In one of the strangest and quietest turns of the season, Perry’s campaign now seems to be the smartest one in the room. But the candidate may have already dealt himself too mortal a blow to recover from.
If the fact that Santorum lost his re-election bid by a whopping 18 points in 2006 didn’t convince you that his hand-holding, cookie-baking, live-in-Iowa style would not reward him anywhere else but Iowa, let this last week be an example of why he’s not going to win the nomination. Rather than take his social conservative message on the road to South Carolina, where it would (a) play better and (b) allow him to further take the wind out of Romney’s sails, he went up to New Hampshire, where Romney and Ron Paul will likely combine for over half of the vote. Then he held a series of embarrassingly bad town halls that, in the increased glare of the top-tier camera lights, made him look like a fool.
Now he’s going to limp to an abysmal fourth-or-fifth-place finish in New Hampshire.

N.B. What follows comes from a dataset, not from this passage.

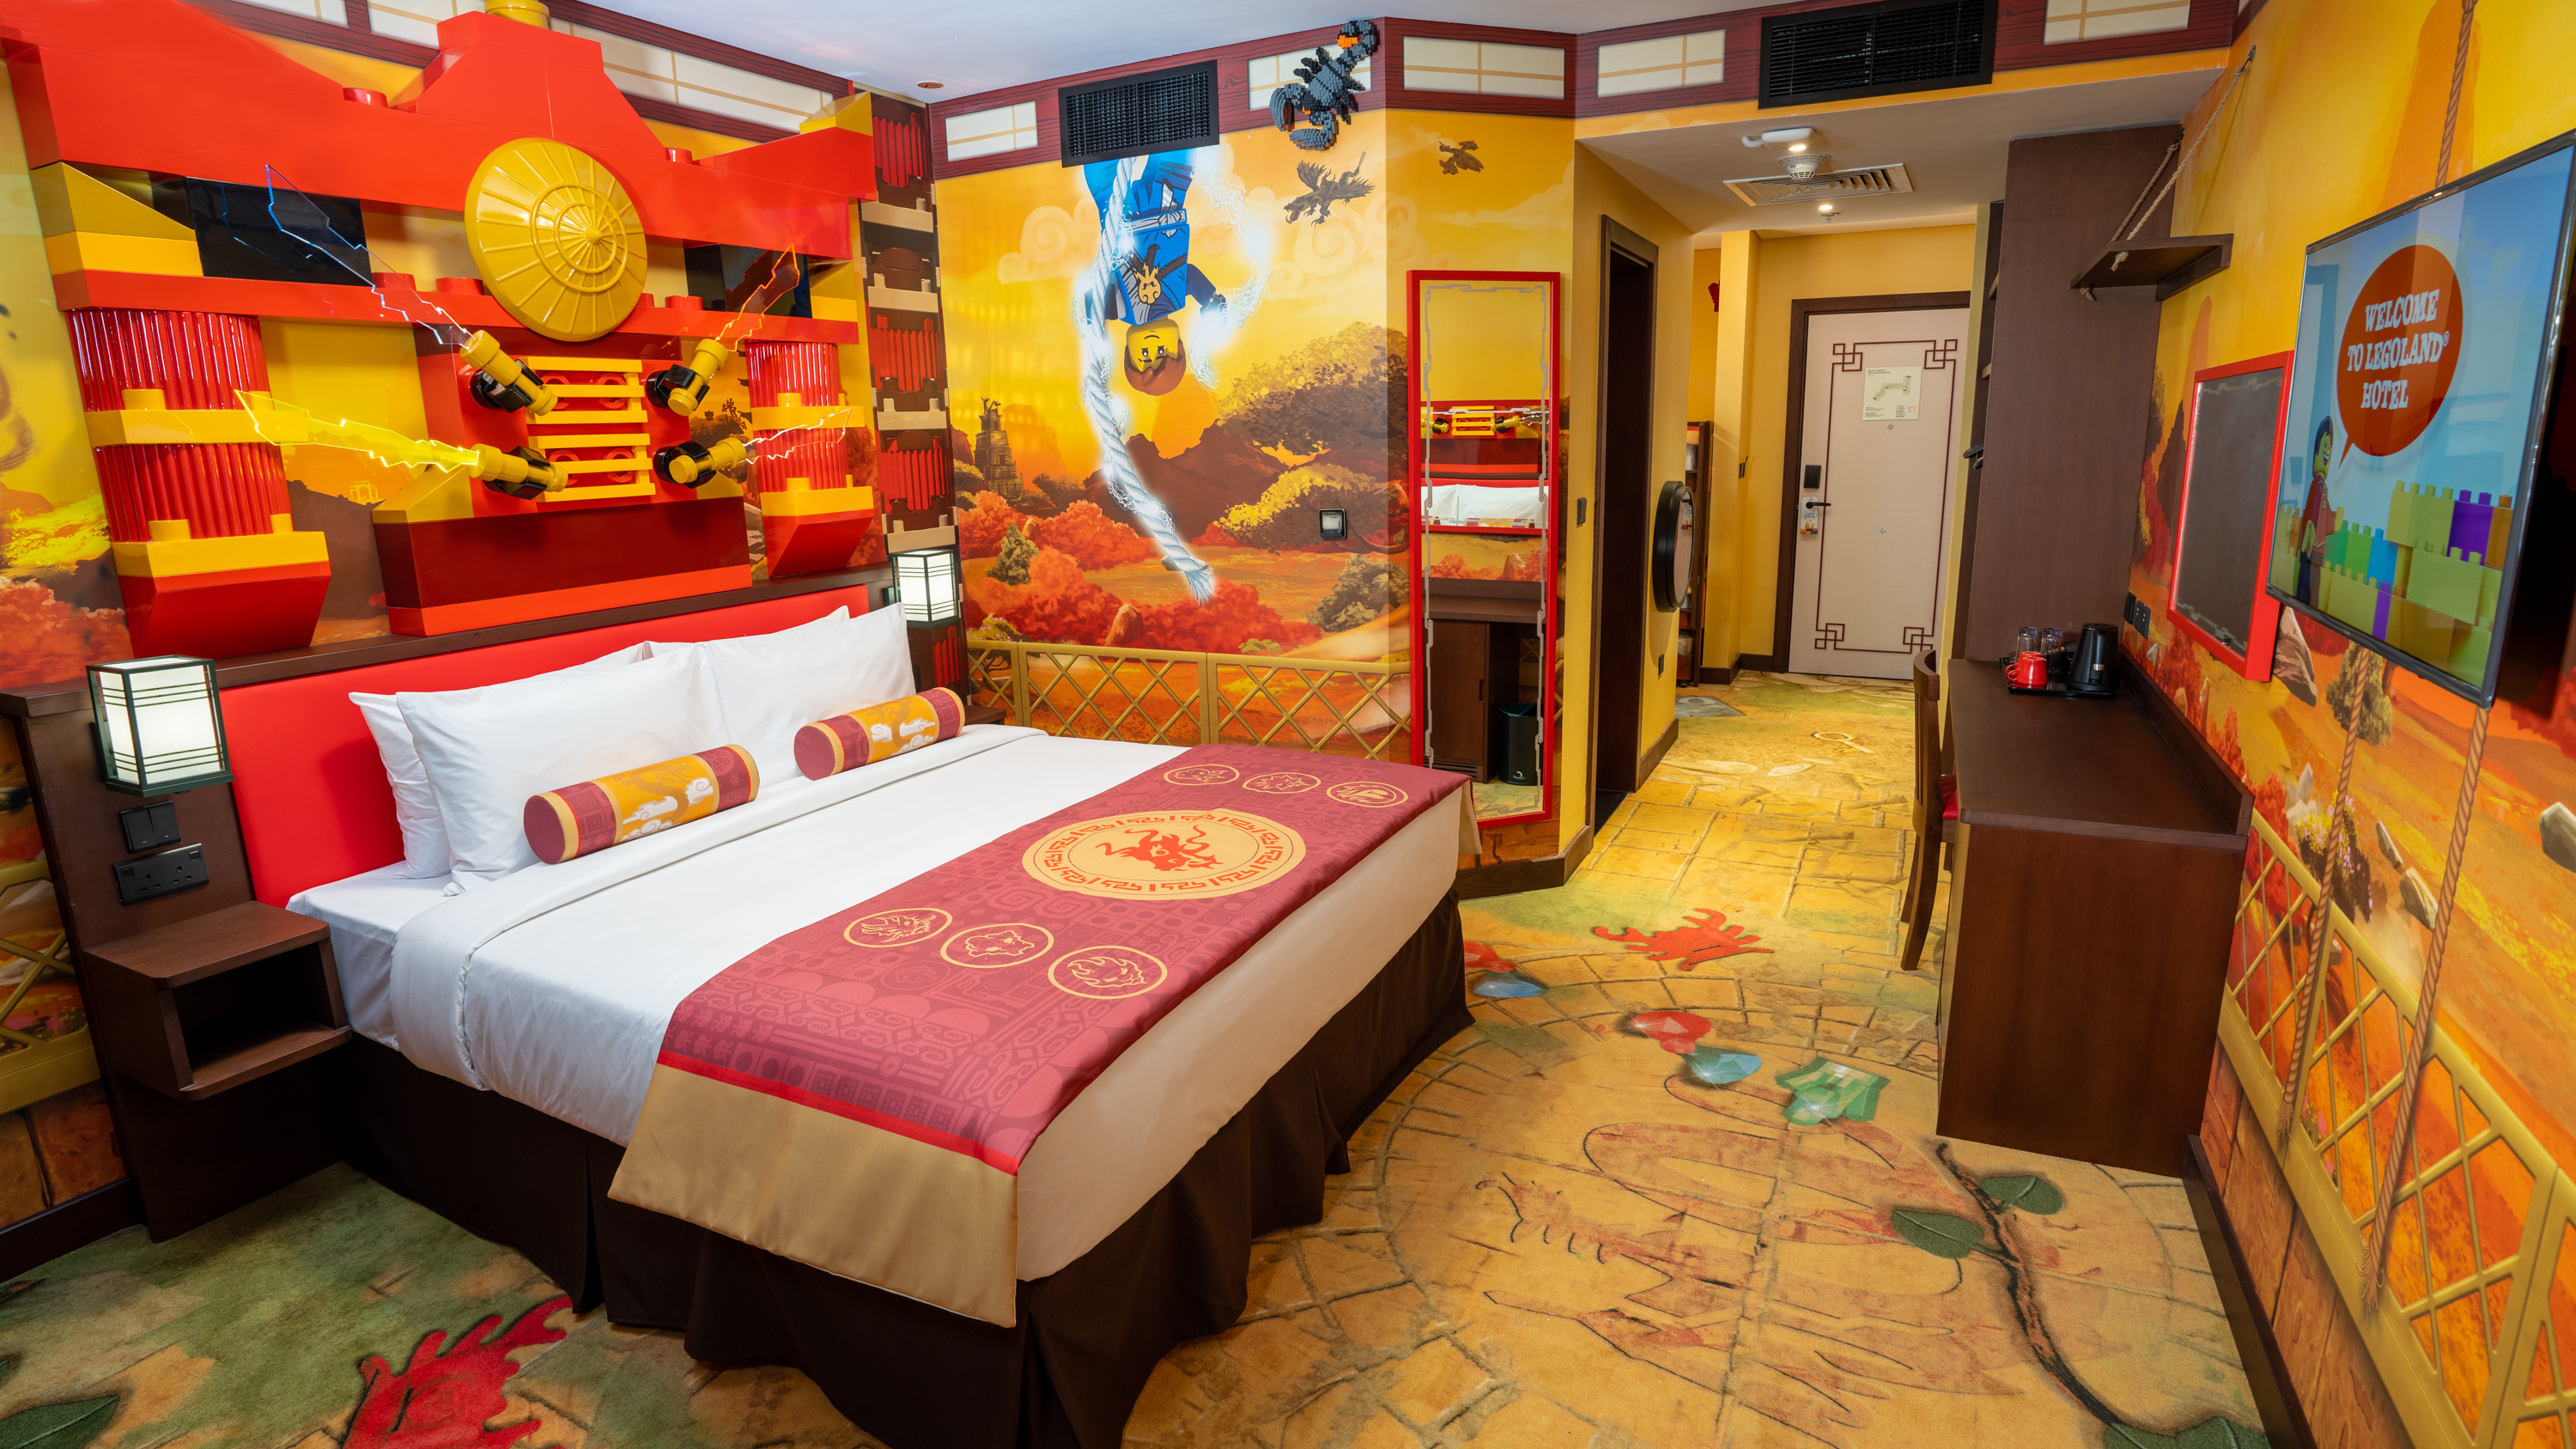 Legoland Hotel Room Interior Ninjago 11(PS)

But he does have money and new friends after Iowa that will allow him to make a last stand in South Carolina. If he, like Perry, can sort out his growing pains and actually run a cogent campaign, the anyone-but-Romney masses might just latch onto him because he’s the only one who actually came close to beating Romney so far this season. Unlike Gingrich, you can’t argue Santorum is lazy, just a little stupid to even bother trying in the Northeast. Problem is, he’s only got eleven days to pull off a re-reversal of fortune that took Perry months.

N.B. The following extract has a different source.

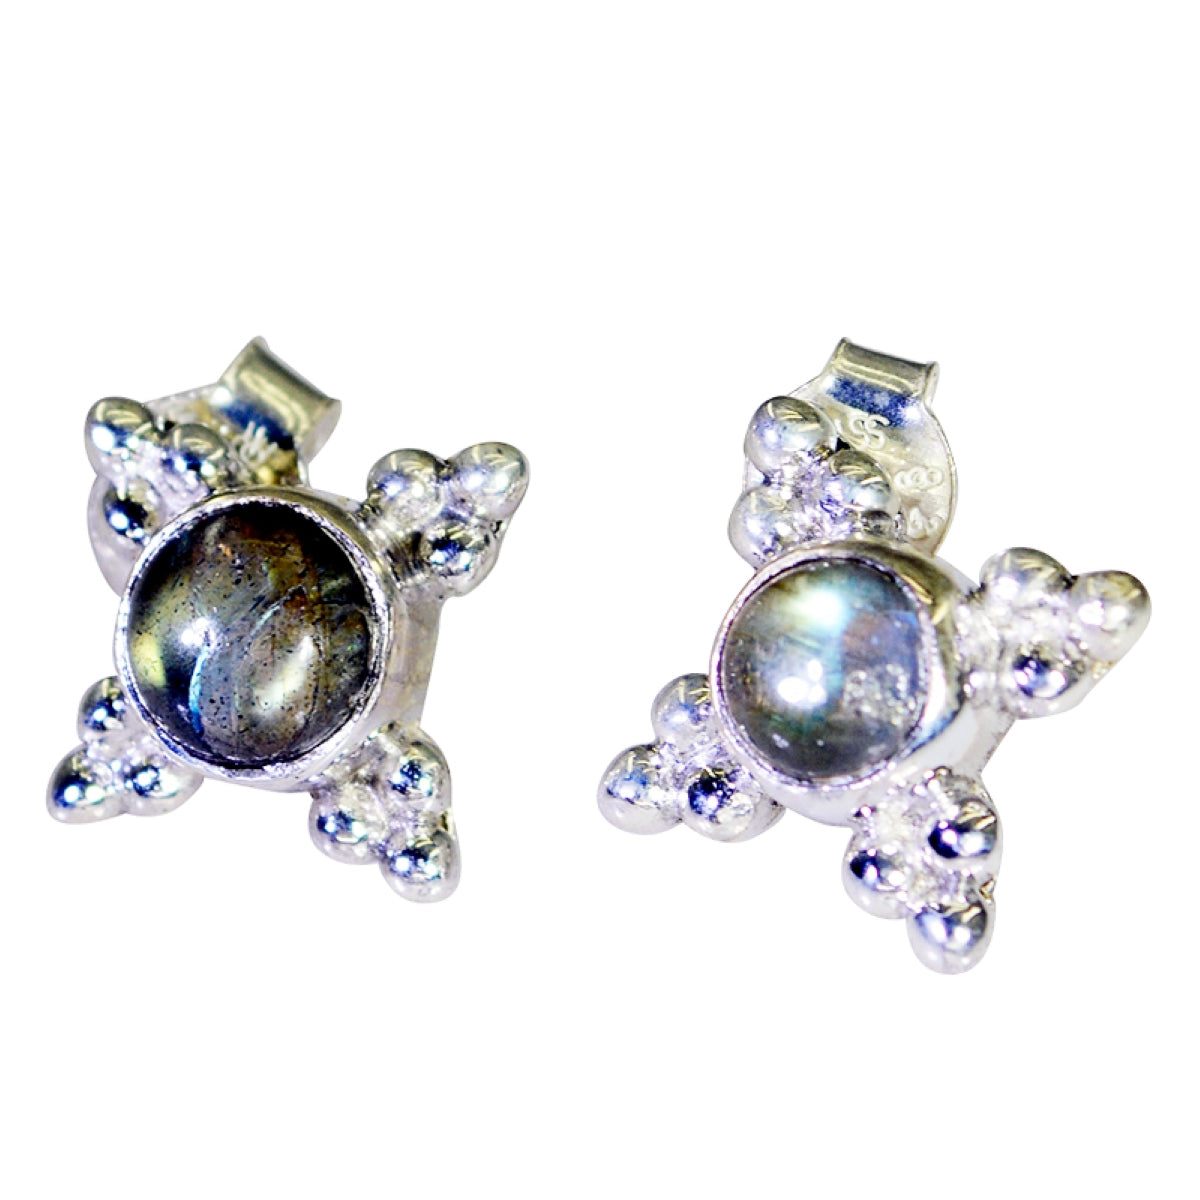 Riyo Good Gemstones round Cabochon Grey Labradorite Silver Earring gift for daughter's day

Not gonna happen. He won’t go to Florida, either – he’s got his sights set on more procedural targets, anyway, places like Nevada, Louisiana, and Maine. All he wants to do in South Carolina is keep Romney on the ropes.
Huntsman, like Rudy Giuliani last time around, will stay in the race until Florida. Even if he winds up second in New Hampshire, though, he has no money and no organization – he abandoned Florida as his campaign HQ for lack of funds. But even if he does unreasonably well in New Hampshire tonight (say, losing to Romney by a single-digit margin), he is not going to be the Republican nominee. He has zero chance of winning South Carolina, less than Ron Paul, and my guess is the momentum in South Carolina will have a huge impact on who wins Florida, as it did last time around.
Look forward to seeing the networks call the New Hampshire primary for Mitt Romney shortly after the polls close. Then turn off your televisions/live feeds, listen to some sweet music, and tune back in once the palmettos start flying. Revel in the last sand-in-eyes gasps of the season. If Romney wins again, you can really well-and-truly call the primary season over. And if not, well, at least you’ll have something to watch that isn’t “Work It.”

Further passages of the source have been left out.